A Cascade of Light
J.D. Phillips
Thick, luxuriant woods grew round the
cave,
alders and black poplars, pungent cypress
too,
and there birds roosted, folding their
long wings,
owls and hawks and the spread-beaked
ravens of the sea,
black skimmers who make their living off
the waves.
And round the mouth of the cavern trailed
a vine
laden with clusters, bursting with ripe
grapes.
Four springs in a row, bubbling clear and
cold,
running side-by-side, took channels left
and right.
Soft meadows spreading round were starred
with violets,
lush with beds of parsley. Why, even a
deathless god
who came upon that place would gaze in
wonder,
heart entranced with pleasure.
—The Odyssey,
Homer
There is
a field north of town, eighty-eight acres of unfarmable fen, a small island of
grasses, a few of them native, defiant in a sea of corn, soybeans, roads, and
farms. The local farmers call it The Burn. It teems with wildlife.
In
winter a few Short-eared Owls take refuge here. Late
in the afternoon, after a fresh snowfall, the low December sun shines up at
them from below as they arc above me and lights up the soft chestnut tones in
their primary feathers. I stand in the cold stillness and breathe in the raw,
bracing air; the owls float above the field, ethereal, moth-like, silent. And I
tremble under the weight of the beauty.
The wind picks up; the owls' wings stiffen and bow. They ride more
buoyantly now above the snow, like shearwaters over the open ocean, and I'm
back in Ecuador, in a dinghy off of Puerto Lopez, on the sun-drenched Pacific.

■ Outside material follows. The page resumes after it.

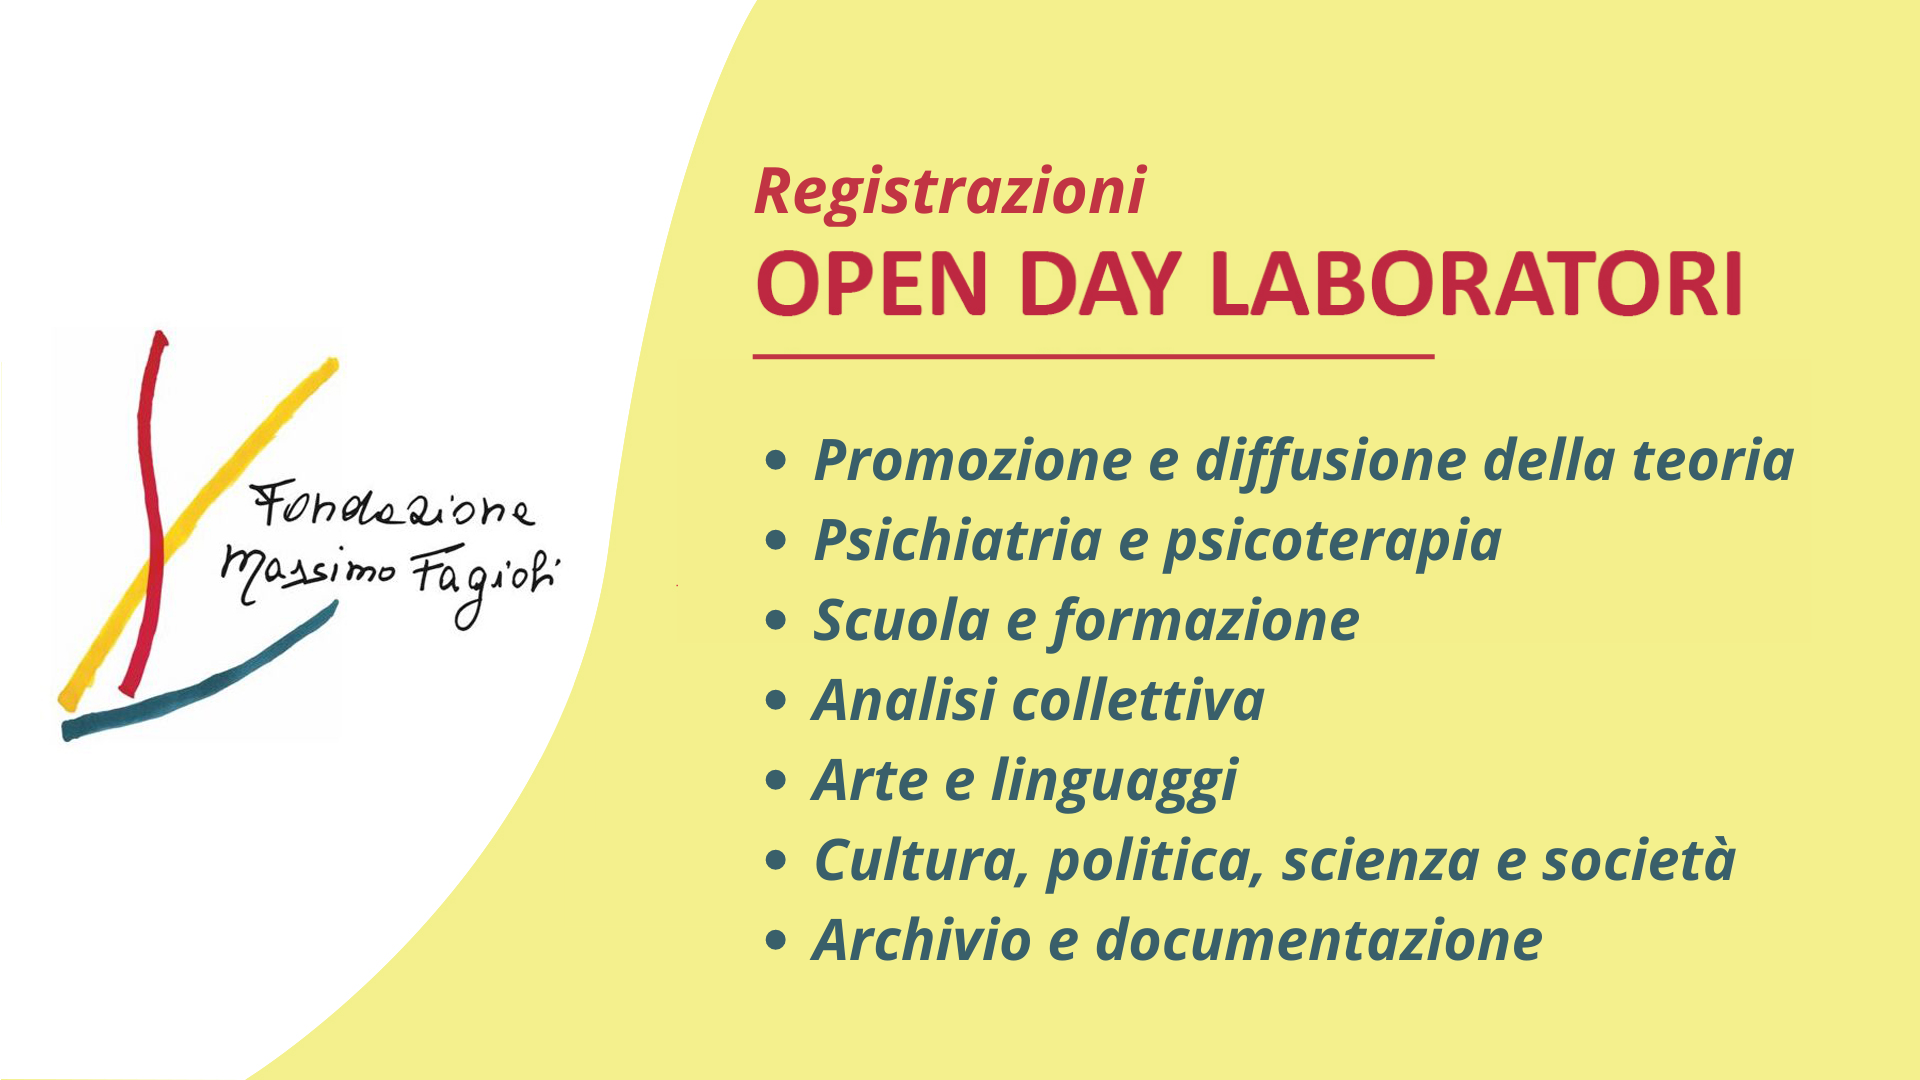 Registrazione Open Day Laboratori Fondazione Massimo Fagioli

There are shearwaters, now, off the stern, and storm-petrels and boobies and
frigatebirds and pelicans and humpback whales. And we are lost in them, and in
the swells and spray, and in the sun and wind, adrift on the Pacific. And it
occurs to me that some of us might eventually learn to live less profanely.
We moor
off of Isla de la Plata, an island refuge, looking for sanctuary among the colonies of
Blue-footed Boobies, Red-tailed Tropicbirds, Nazca Boobies, Magnificent
Frigatebirds, and even a few Red-footed Boobies. Tens of thousands of outlandish,
wild, pelagic birds. And us. And the salty taste of the Pacific in the air. And
the sweltering tropical sun on our backs. And the rich smell of guano and sea.
And the beauty of things. And the sadness, too, because we can see our wounds and imperfections
and the ugly tyrannical ambitions of our own souls, in comparison with the
beautiful which is untainted by all of this. And the beautiful seems fragile
and rare compared to the crudity and banality of what is common (this same
sadness runs through love). And so we are on this island, this sanctuary, as an
awkward, but sacramental, act of self-purification.
In a cloud forest, now, after a day of difficult hiking and a
night of primitive camping, the boxed in feeling of unsatisfied hunger and unquenched
thirst, the dull fear of illness that never quite leaves you in the tropics,
and the assertive revealing—new to the students, young and in the pink of
health as they are—of the indignity of the "Thousand natural shocks / that flesh is heir
to." We have bodies; a hard lesson. My students are porous. I am porous. Here is Camus:
What gives value to travel is fear. It is the fact
that, at a certain moment,
when we are so far from our own country, we are
seized by a vague fear,
and an instinctive desire to go back to the protection
of old habits. At that
moment we are feverish but also porous, so that the
slightest touch makes
us quiver to the depths of our being. We come across a
cascade of light, and
there is eternity.
There is eternity. Making our way together, as a group,
gracefully, through the hostile landscape of fear and hunger and headstrong
desires. Finding our way together, as a group, through unfamiliar woods and
bewildering taxonomies. Quetzals, trogons, toucans, tapaculos, mountain-tanagers,
manakins, motmots, whitestarts, sylphs, violetears. To touch the beauty of
things. The tonic for hardships endured and fears stared-down. Grace, even
forgiveness. A cascade of light. Sanctuary.
I am alone, now, and descending through the thin, pious air and
freezing rain of Vulcan Cayambe, the highest point on the earth's equator.
Soon I am with the strange seedeaters, pipits, flowerpiercers, sunbeams,
raptors, brush-finches, sierra-finches, and ground-tyrants of Cayambe's paramos. And now, lower still,
I enter the cloud forest, the wet, lusty embrace of this trembling refuge. And
a tiny bird emerges from the canopy above me, a Blackburnian Warbler, an old
friend from the Indiana spring, picking insects from the leaves here in the
sanctuary of its wintering grounds. And I decide to feel certain that this is
the same bird who sang to me last spring from the top of a giant hackberry tree
on the border of The Burn, my sanctuary, covered in snow now, the warbler's
song a memory, echoed in the silence of the owls arcing above the winter field.